You can’t stay on the air for ten seasons without re-using a few plot lines or jokes. But usually, it isn’t the same characters caught up in them. When Friends‘ Chandler and Monica wind up waiting for a table at an upscale restaurant, she suggests Chandler slip the host a bill slyly concealed inside his palm (“The One With the Holiday Armadillo”). Chandler can’t pull it off, but suspects it was no problem for Monica’s suave ex-boyfriend Richard (Tom Selleck). That’s exactly where she learned the trick – but Chandler should know that. After all, it was Richard who taught both Chandler and Joey to do the same five seasons before (“The One Where Old Yeller Dies”). Chandler forgetting the steps is fine, but the writers feeling such a tiny joke was worth telling twice is the real mystery.
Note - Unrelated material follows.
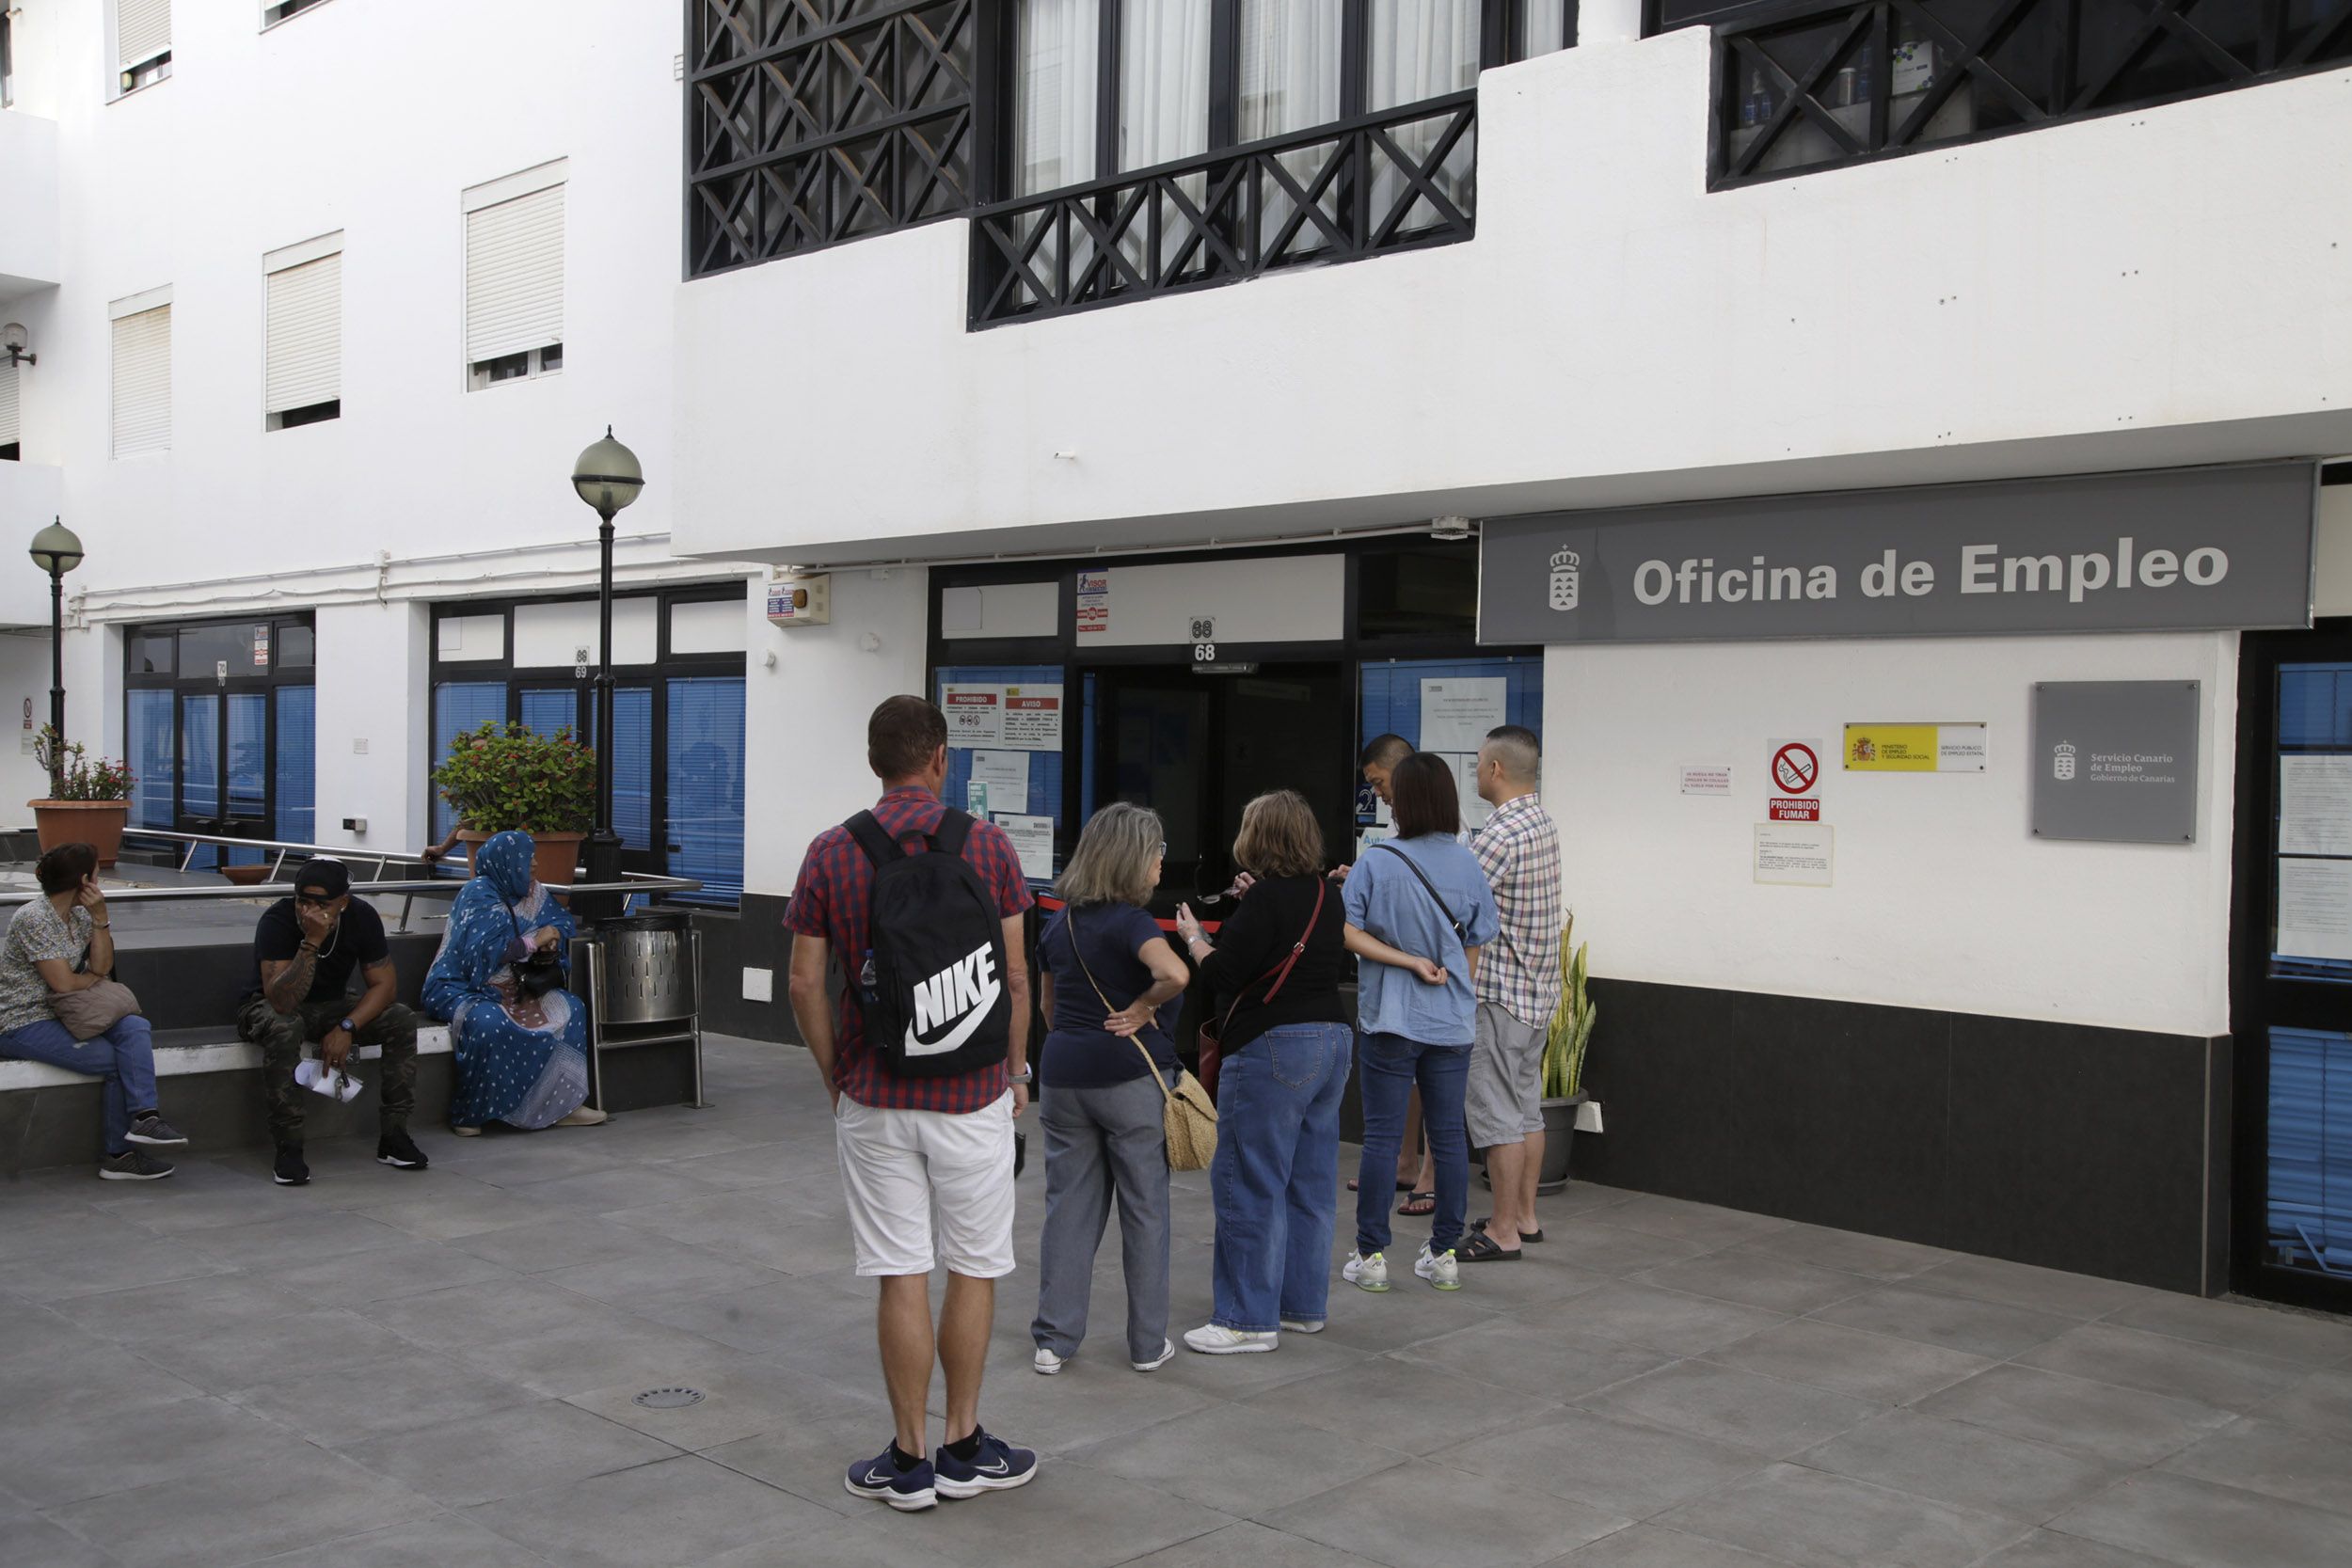 Oficina de Empleo en Lanzarote.  Foto: José Luis Carrasco.

Few sci-fi revivals can claim to be as successful as Battlestar Galactica, with the second season of the series ramping up the tension, stakes, and drama substantially. Character deaths and betrayals were everywhere – apparently, the crew thought viewers wouldn’t notice some hilarious mistakes amid all the chaos. When Helo and the Chief finally let off steam by throwing some punches, they did so with an audience. Why the camera crew visible in the frame was necessary for the shot isn’t clear, but it wasn’t even the most obvious mistake in the season. When President Roslin was re-elected, her campaign staff didn’t even notice the cameraman capturing the moment for viewers to witness back on Earth.